I am trying to read a quote list via Python. The list looks like this:
<quotelist
xmlns="http://www.w3schools.com"
xmlns:xsi="http://www.w3.org/2001/XMLSchema-instance"
xsi:schemaLocation="quotationlist.xsd">
<quote key = "0">
<author>Author 0</author>
<text>Text 0</text>
</quote>
<quote key = "1">
<author>Author 1</author>
<text>Text 1.</text>
</quote>
<quote key = "2">
<author>Author 2</author>
<text>Text 2.</text>
</quote>
</quotelist>
I would like to have this as one day one quote, so therefore the key is the day of the year (0 to 364). But I struggle to read out day x with Python.

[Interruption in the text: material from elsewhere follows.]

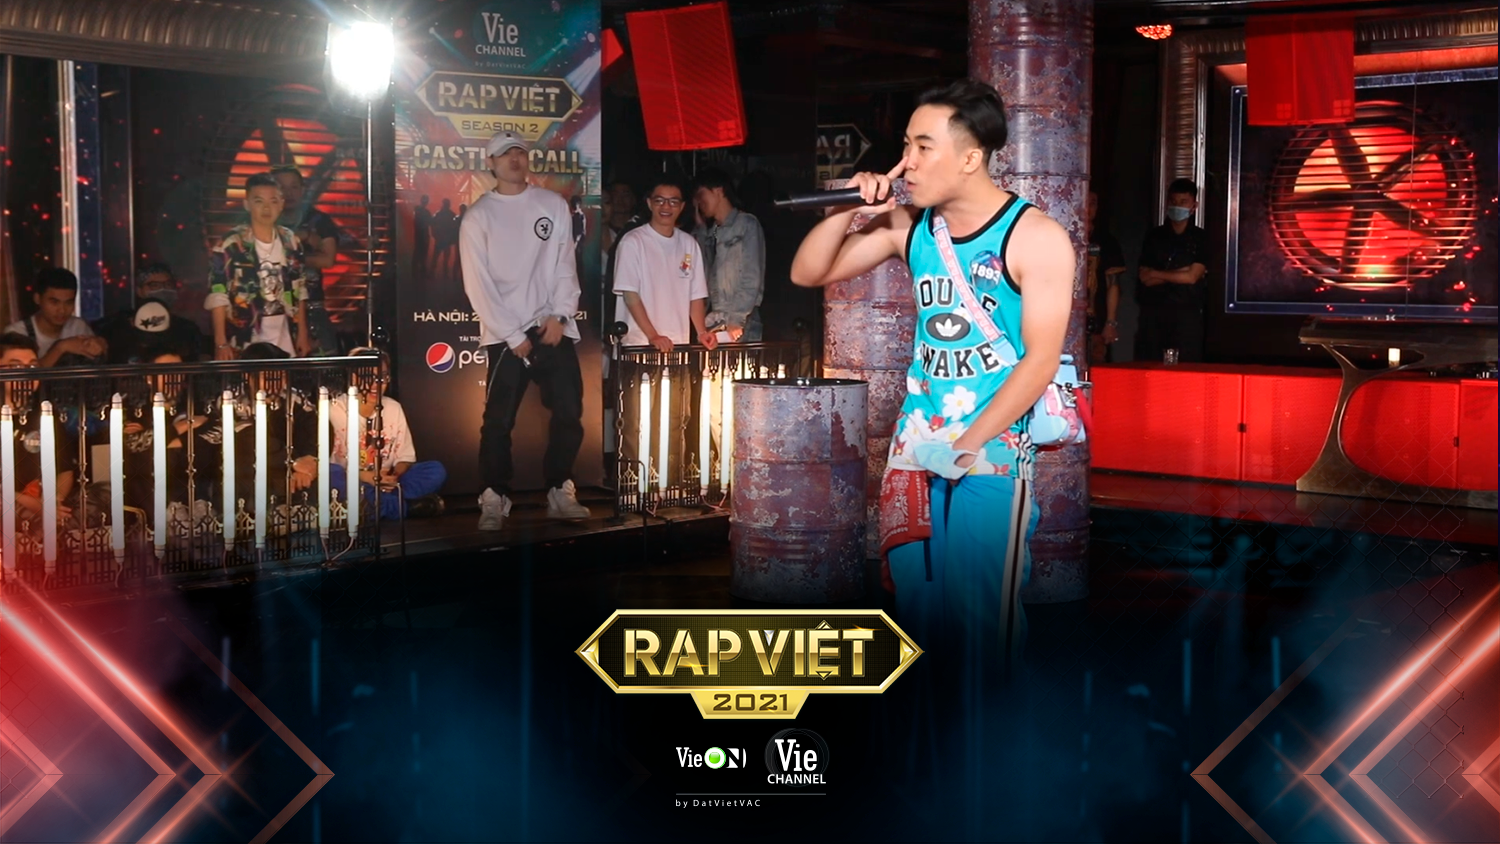 Rap Việt đang làm mưa làm gió trong làng nhạc Việt với những bài hát chất lượng và sáng tạo. Hãy cùng đến và thưởng thức những hình ảnh về sự phát triển của thể loại này trong nước.

from xml.dom import minidom
dayOfYear = 44 #not relevant, I know how to find this out
mydoc = minidom.parse('./media/quotes.xml')
items = mydoc.getElementsByTagName('quote')
print(items)
This gives me the list of 365 quotes in format , thats what I excepted. But function is there to find the quote with the key number "dayOfYear"? Is there a way of not loading all? And how do I get the values of author and text then?
You'll have to build that data structure on your own. In this case I chose a nested dict:
items = mydoc.getElementsByTagName('quote')
output = {int(item.getAttribute('key')): {'author': item.getElementsByTagName('author')[0].firstChild.nodeValue,
'text': item.getElementsByTagName('text')[0].firstChild.nodeValue}
for item in items}
print(output)
Outputs
{0: {'author': 'Author 0',
'text': 'Text 0'},
1: {'author': 'Author 1',
'text': 'Text 1'},
2: {'author': 'Author 2',
'text': 'Text 2'}}
Then you can directly access each "day" that you want, eg output[0]
, output[1]
etc.